Metadata-Version: 2.1
Name: numpipe
Version: 0.3.3
Summary: Easily run Python functions in parallel and cache the results
Home-page: UNKNOWN
Author: John Parker
Author-email: japarker@uchicago.edu
License: MIT
Keywords: cache pipeline hdf5 parallel cluster
Platform: UNKNOWN
Classifier: License :: OSI Approved :: MIT License
Classifier: Programming Language :: Python
Classifier: Operating System :: POSIX
Classifier: Operating System :: MacOS
Classifier: Development Status :: 3 - Alpha
Description-Content-Type: text/markdown
Requires-Dist: numpy
Requires-Dist: h5py
Requires-Dist: termcolor
Requires-Dist: toml
Requires-Dist: matplotlib
Requires-Dist: tqdm
Requires-Dist: colorama
Requires-Dist: python-telegram-bot

# NumPipe
NumPipe is a Python software package that makes long-running tasks easier and faster by executing code in embarrassingly parallel and caching the output to HDF5 files.

## Features
* Combine computation and visualization code into single scripts.
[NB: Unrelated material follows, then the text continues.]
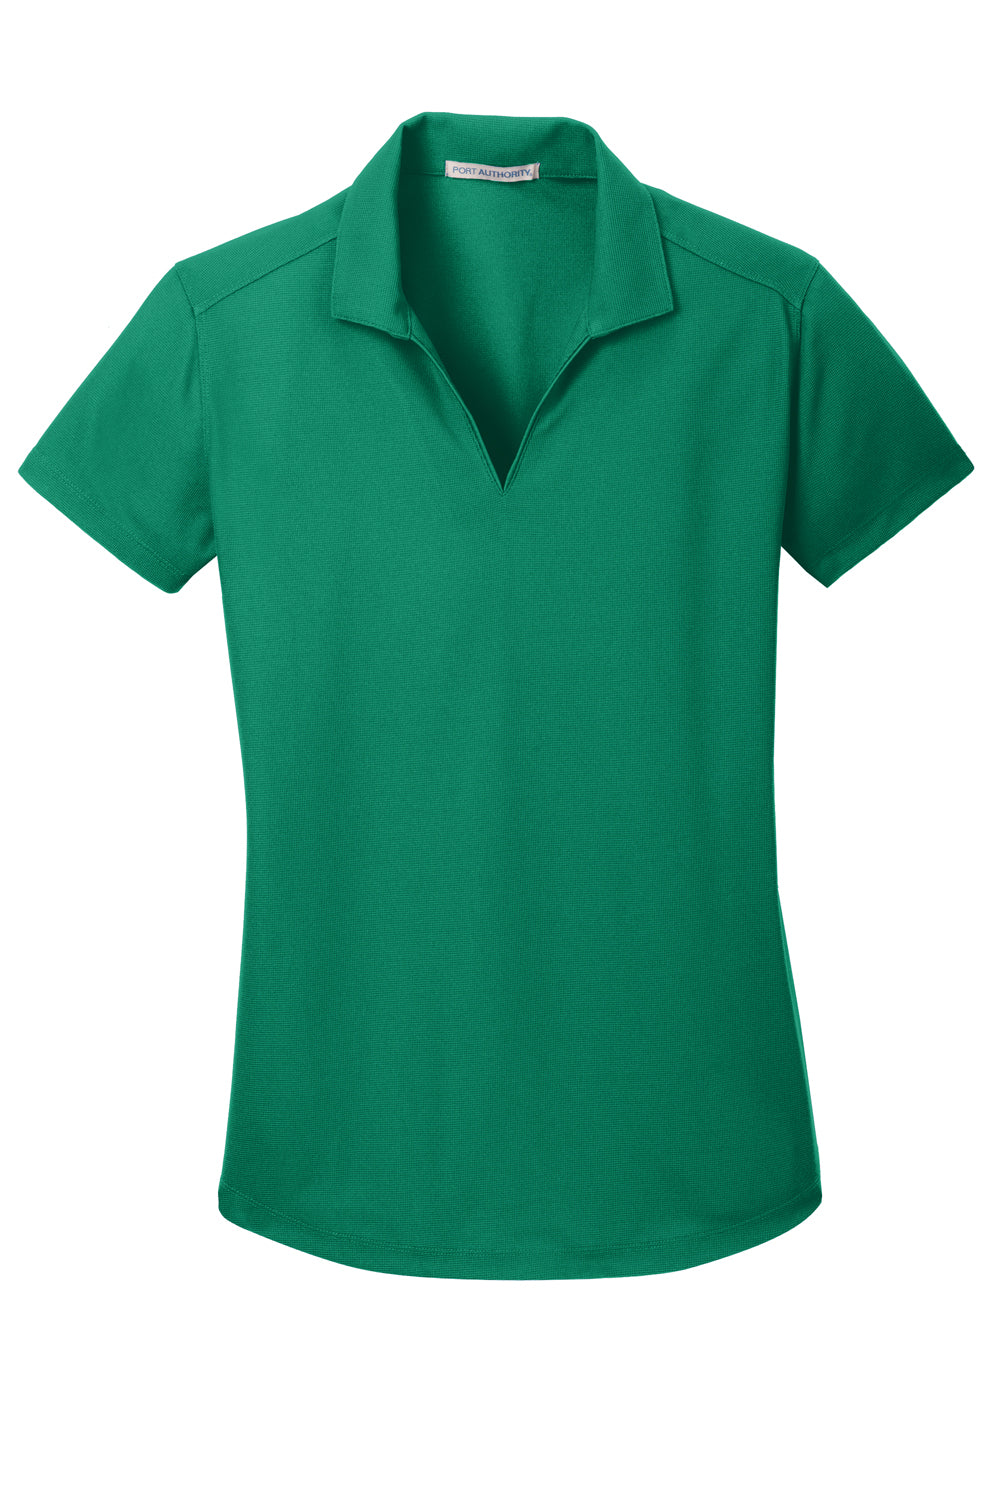 Port Authority L572 Womens Dry Zone Moisture Wicking Short Sleeve Polo Shirt Jewel Green Flat Front

Only re-run computations on request
* Use the `yield` statement to return data over time that will be periodically cached to file
* Specify dependencies between cached functions
* Progress bars similar to `tqdm` that work in parallel to show the progress of running tasks
* An optional Telegram Messenger bot that can notify the user of completion and send Matplotlib figures and animations
* Command line arguments to re-run tasks and automatically save Matplotlib figures and animations
* Option to use the Slurm Workload Manager to automatically create and submit an sbatch file (used on many compute clusters)

## Installation
NumPipe can be installed with pip
```shell
pip install numpipe
```

## Examples

### single task
```python
from numpipe import scheduler, pbar
from time import sleep
import matplotlib.pyplot as plt

job = scheduler()

@job.cache
def sim():
    for i in pbar(range(100)):
        sleep(.1)   # long running task...
        yield dict(i=i, x=i**2)

@job.plots
def vis():
    var = job.load(sim)
    plt.plot(var.i, var.x)

if __name__ == '__main__':
    job.run()
```

### parallel tasks
```python
from numpipe import scheduler, pbar
from time import sleep
import matplotlib.pyplot as plt

job = scheduler()

@job.cache
def sim(power):
    for i in pbar(range(100)):
        sleep(.1)   # long running task...
        yield dict(i=i, x=i**power)

@job.plots
def vis():
    for name, var in job.load(sim):
        plt.plot(var.i, var.x)

for i in range(3):
    job.add(sim, power=i)

if __name__ == '__main__':
    job.run()
```
### more examples
See the [examples folder](https://github.com/johnaparker/numpipe/tree/master/examples) for more usage examples

## Command line arguments
```
positional arguments:
  {display,clean,slurm}
    display             display available functions and descriptions
    clean               remove all h5files that are no longer cache functions
    slurm               run on a system with the Slurm Workload Manager

optional arguments:
  -h, --help            show this help message and exit
  -r [RERUN [RERUN ...]], --rerun [RERUN [RERUN ...]]
                        re-run specific cached functions by name
  -f, --force           force over-write any existing cached data
  -d [DELETE [DELETE ...]], --delete [DELETE [DELETE ...]]
                        delete specified cached data
  -e EXCLUDE [EXCLUDE ...], --exclude EXCLUDE [EXCLUDE ...]
                        exclude cached function from being re-run
  --at-end              only run at_end functions
  --no-at-end           don't run at_end functions
  -p [PROCESSES], --processes [PROCESSES]
                        number of processes to use in parallel execution (default: cpu_count)
  -ct CACHE_TIME, --cache_time CACHE_TIME
                        time (in seconds) until data cached data is flushed to file
  --no-deps             do not rerun functions that depend on other reran functions
  --mininterval MININTERVAL
                        time (in seconds) for progress bar mininterval argument
  --notify              send notifications without delay
  --notify-message NOTIFY_MESSAGE
                        send a custom message with other notifications
  --notify-delay NOTIFY_DELAY
                        time (in seconds) before notifications will be sent
  --theme THEME         matplotlib plot theme
  --figures FIGURES [FIGURES ...]
                        which figure numbers to display
  --save [SAVE]         save figures and animations
  --save-format SAVE_FORMAT [SAVE_FORMAT ...]
                        file format for figures
  --save-figs [SAVE_FIGS]
                        save figures
  --save-anims [SAVE_ANIMS]
                        save animations
  --debug               run in debug mode (single process)
```

## License
NumPipe is licensed under the terms of the MIT license.